Opening the Page in a New Window

Ken Ward's Java Script Tutorial ...

A simple drop-down menu

  

Drop Down Menus

At the top of the page is a drop down menu to some of the articles in this section. You select the article from the drop down menu and press the button to go to the article. Below is the same kind of selecter, but it has only two destinations (so when we look at the code, we don't have to look at lots and lots of options.)

 

First, let's look at the code in the body:

Body Code

<form name="form2" id="form2"action="" >

<select name="select2" size="1">

<option value="none" selected="selected">

Select a page and go

<option value="alertsText.htm">

Text Alerts

<option value="alertsImages.htm">

Alerts with images

<option value="alerts.htm">

Message Boxes  

<input type="button" name="B2" id="B2" value="Go to Article ..." onclick="goToPage2()" />

</form>

(If you'd like to learn about select boxes in HTML then go here!)
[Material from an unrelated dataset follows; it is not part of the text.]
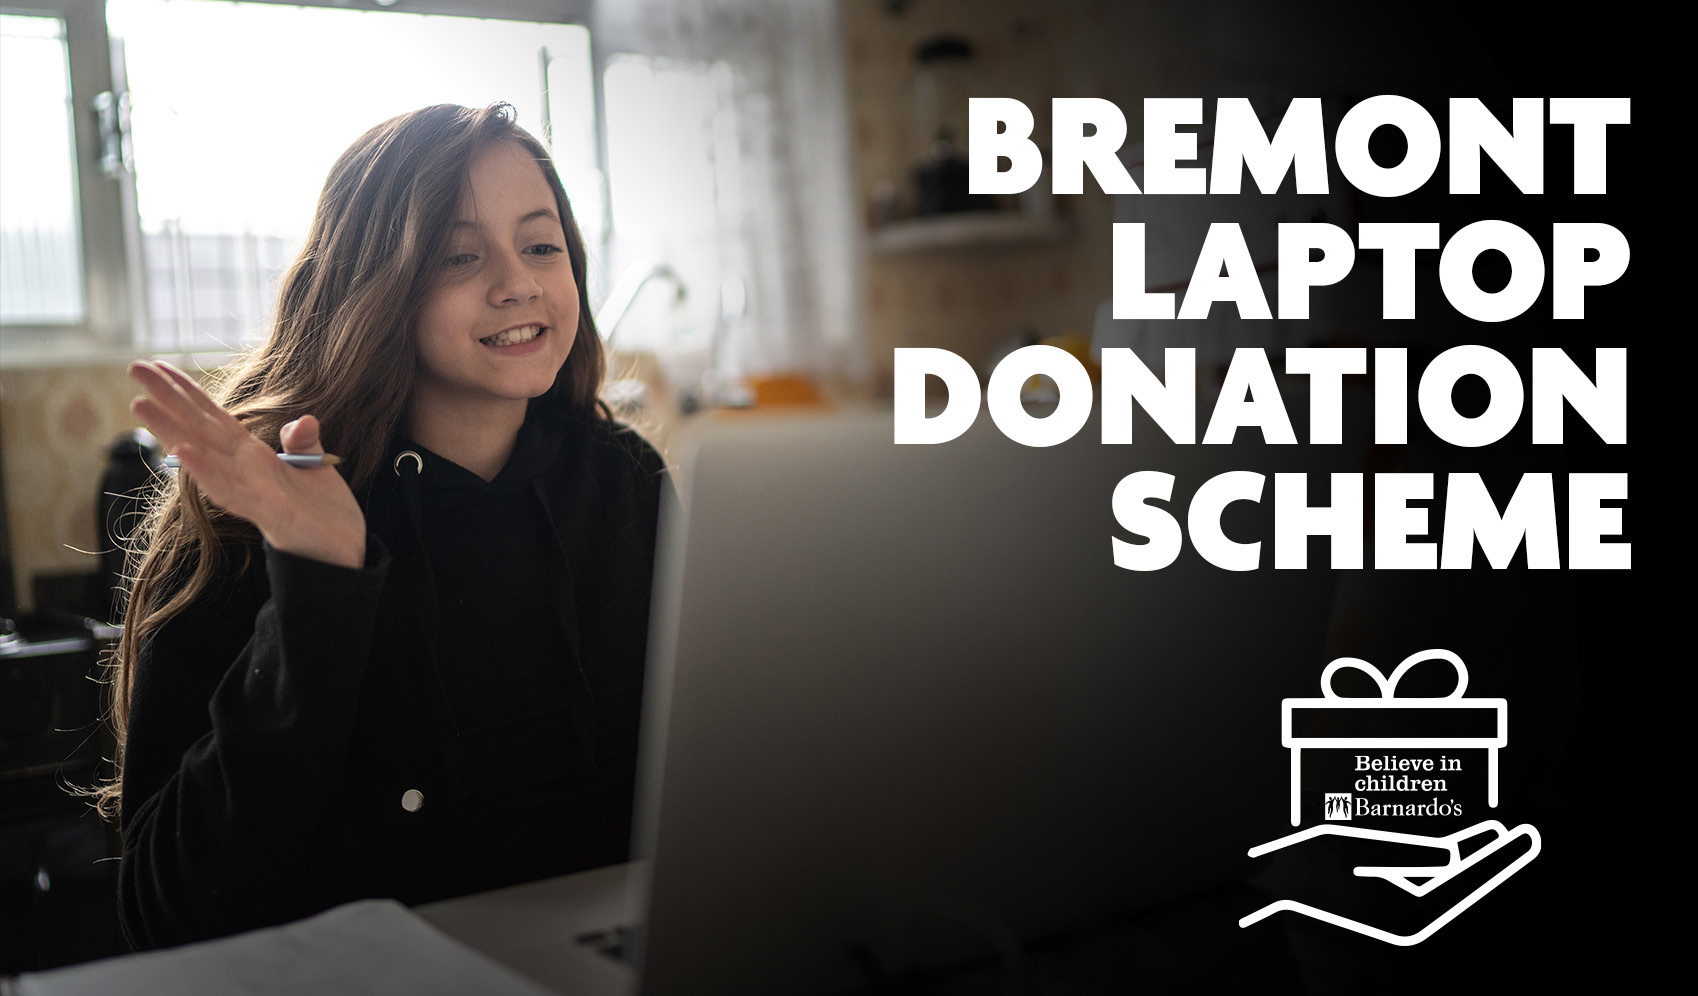 Bremont laptop donation
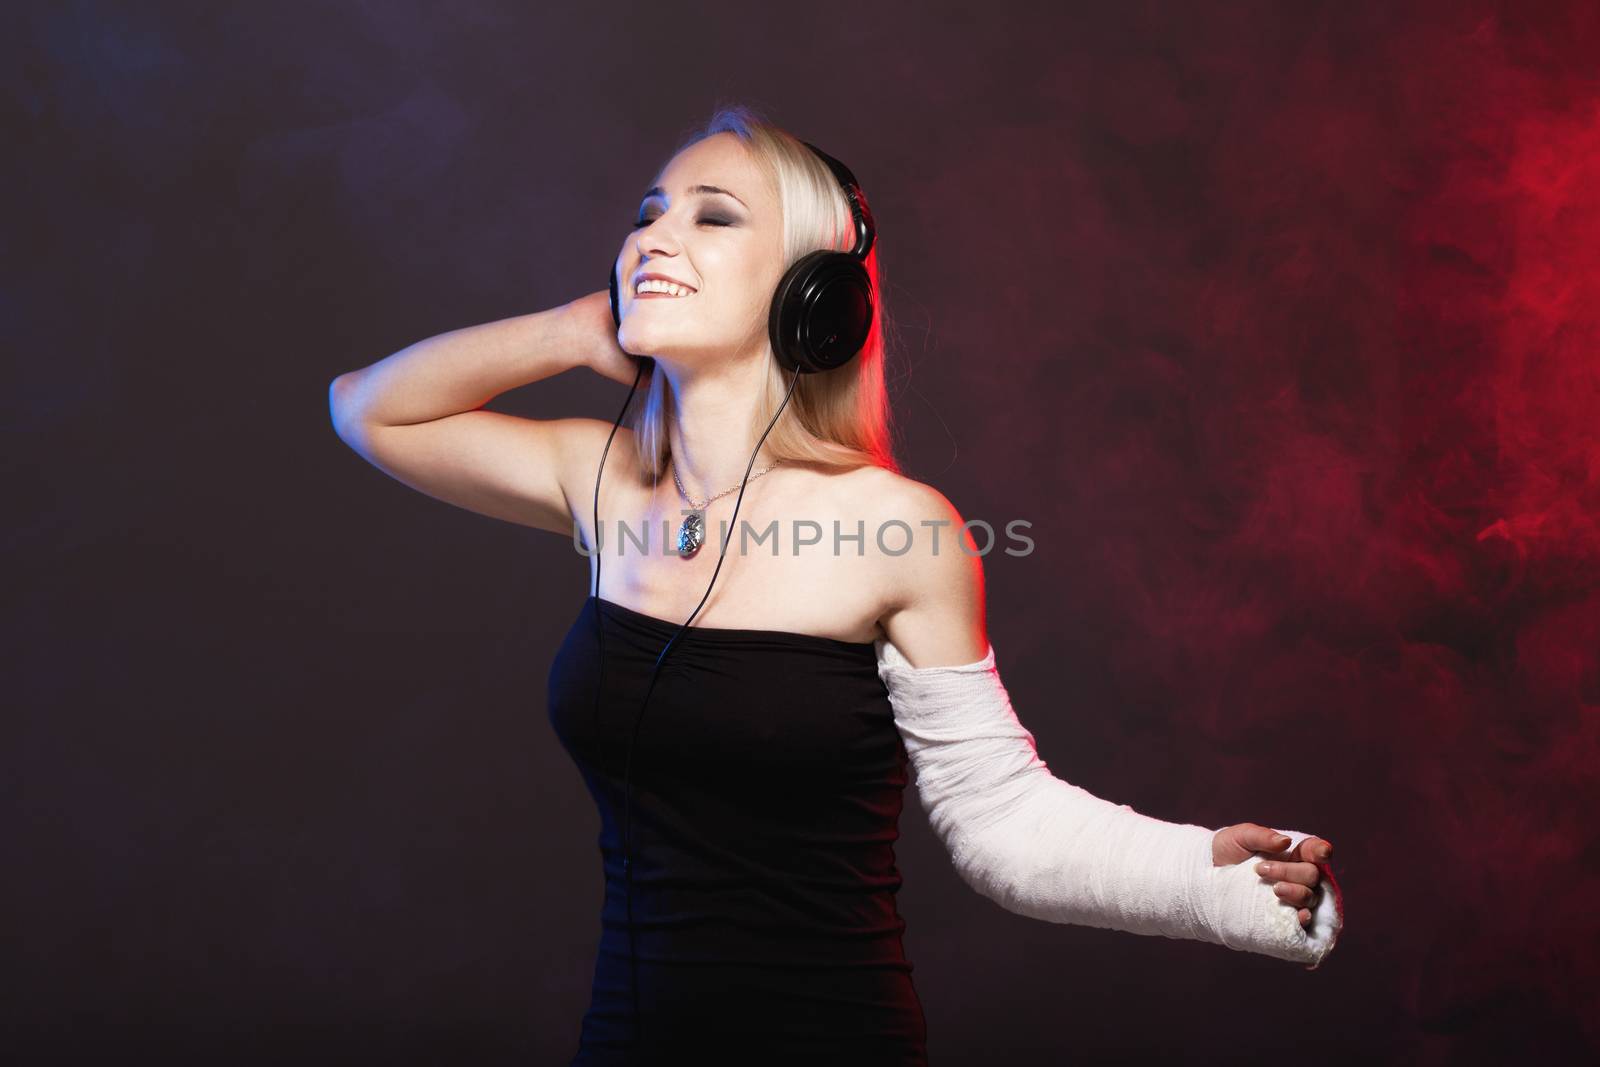 girl dancing with broken arm and headphones by kokimk

Within a form, we have a select option, which is called select2. Its size is 1 which means that one line only is shown. Why not change the size to 2, and see what happens. There are four options. Each has a value. The first value is "none". This is a code which the Java Script will use to avoid trying to action the value and give an error. The other option values are the locations of the files I want to load when the user selects them. Finally, there is an input type button which is called B2. Its value is "Go to Article … " Finally, when the user clicks on the button the function goToPage2() is called. We have put the function in the HEAD of the document, to keep it tidy and out of the way.

 

The Head Code

Here is the code for the function:

<script type="text/javascript">

<!--

//Hide from Java Script

function goToPage2()

{

PageIndex2=document.form2.select2.selectedIndex

if (document.form2.select2.options[PageIndex2].value != "none")

{

location = document.form2.select2.options[PageIndex2].value

}

}

//-->

</script>

The Java Script code is enclosed in script tags. The script is hidden from old browsers with the HTML comments. The first line of the function declares and defines a variable:

PageIndex2=document.form2.select2.selectedIndex

The seclect option has a property called selectIndex. This has a value of '0' for the first option and subsequent options have values of 1, 2, etc. We have made the variable PageIndex2 equal to the selectedIndex value of the option. So if the first option is selected, then PageIndex2 will be zero. If the second, 1, and so on. This value is inserted into the next line of code:

if (document.form2.select2.options[PageIndex2].value != "none")

What use is none?

After the if bit, the code tells the Browser which option it is talking about. It starts saying that this document's form called form2 has a select options called select2, and in this, is the option the user has selected, and has a number to identify it. This options value is then indicated to the Browser. Now, on our drop down menu we have one item which we don't want actioning. This is 'Select an option and go.' We give this the value 'none' so we can get our script to ignore it, should the user click on it. So, if the value is 'none', we do nothing (!="none"), and avoid a Java Script error.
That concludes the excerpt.